Several mechanisms for NO2- reduction to NO have been identified including: 1) Nonenzymatic disproportionation at low pH. NO2- reduction to NO is favored by low pH and a reducing milieu (55). In 1999, Zweier et al. (55) demonstrated that enzyme-independent NO formation occurs in biological systems under acidic conditions and is further increased in the presence of a highly reduced metabolic state. The substrate source of this NO is NO2- rather than the NOS substrate L-arginine. Under hypoxic conditions, this NO accumulates in tissues and binds to a variety of cellular heme proteins. In important disease states, such as ischemia or shock, where acidosis and marked hypoxia take place, this pathway becomes the major NO source and the magnitude of NO generation can be much greater than that which would be found at normal NOS tissue concentrations.

2) Reduction of circulating NO2- to NO during tissue hypoxia. Many mechanisms for the NO2--mediated vasodilatation during hypoxia have been proposed over the past years. These are essentially based on nonenzymatic (55) or enzymatic NO2- reduction to NO (53). Zweier et al. (55) have shown the occurrence of systemic NO generation from NO2-. They found that N15-labeled NO2- was reduced to NO in ischemic rat hearts, and that NO production was not blocked by NOS inhibitors. During global ischemia in the heart, pH fell to ≈5.5, and under these conditions, NO2- reduction to NO was greatly accelerated. A key point of NO2- pharmacology is that its vasodilating properties are notably enhanced during hypoxia compared to normoxia. Previous studies have suggested that the NO2- hypoxic vasodilatation is independent of eNOS, but depends on sGC, supporting the hypothesis that NO mediates these effects. The authors (55) proved that nitrite vasodilatation does not seem to depend on the activity of previously identified NO2- reductases, such as xanthine oxidase and the mitochondrial bc1 complex, which may generate NO from NO2-.

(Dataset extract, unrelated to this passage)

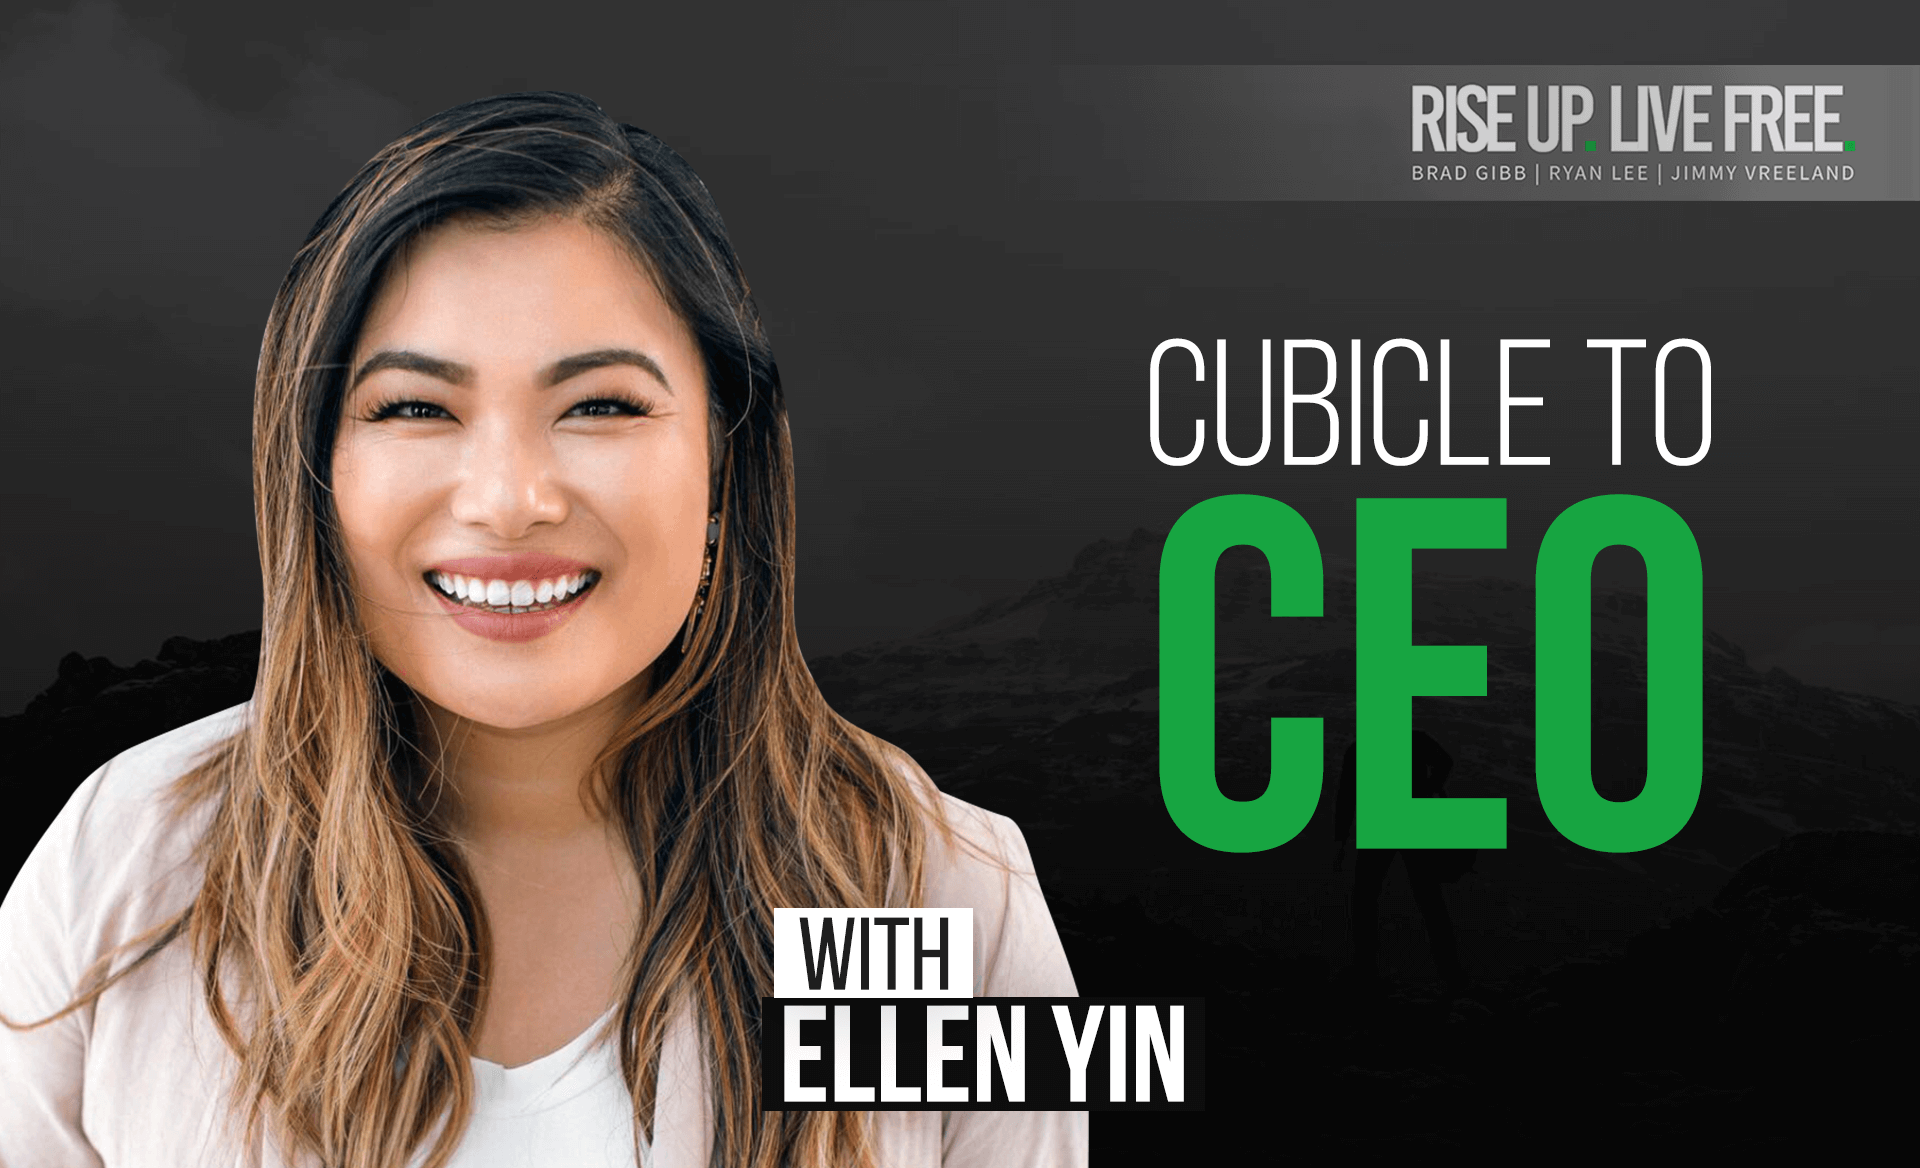 CUBICLE TO CEO WITH ELLEN YIN

3) Enzymatic conversion. A number of publications now state that oxidoreductase enzymes are able to convert significant amounts of NO2- to NO, in particular xanthine oxidase and aldehyde oxidase (56). Xanthine oxidoreductase is known to reduce molecular oxygen to superoxide (O2-), but at low oxygen tensions and pH values this enzyme can also reduce NO2- to NO at the molybdenum site of the enzyme. Li et al. (56) have shown that administration of the xanthine oxidase inhibitor oxypurinol or of the aldehyde oxidase inhibitor raloxifene considerably diminished NO generation from NO2- in the heart and liver. NO formation rates were dramatically increased with decreasing pH and lower oxygen tension.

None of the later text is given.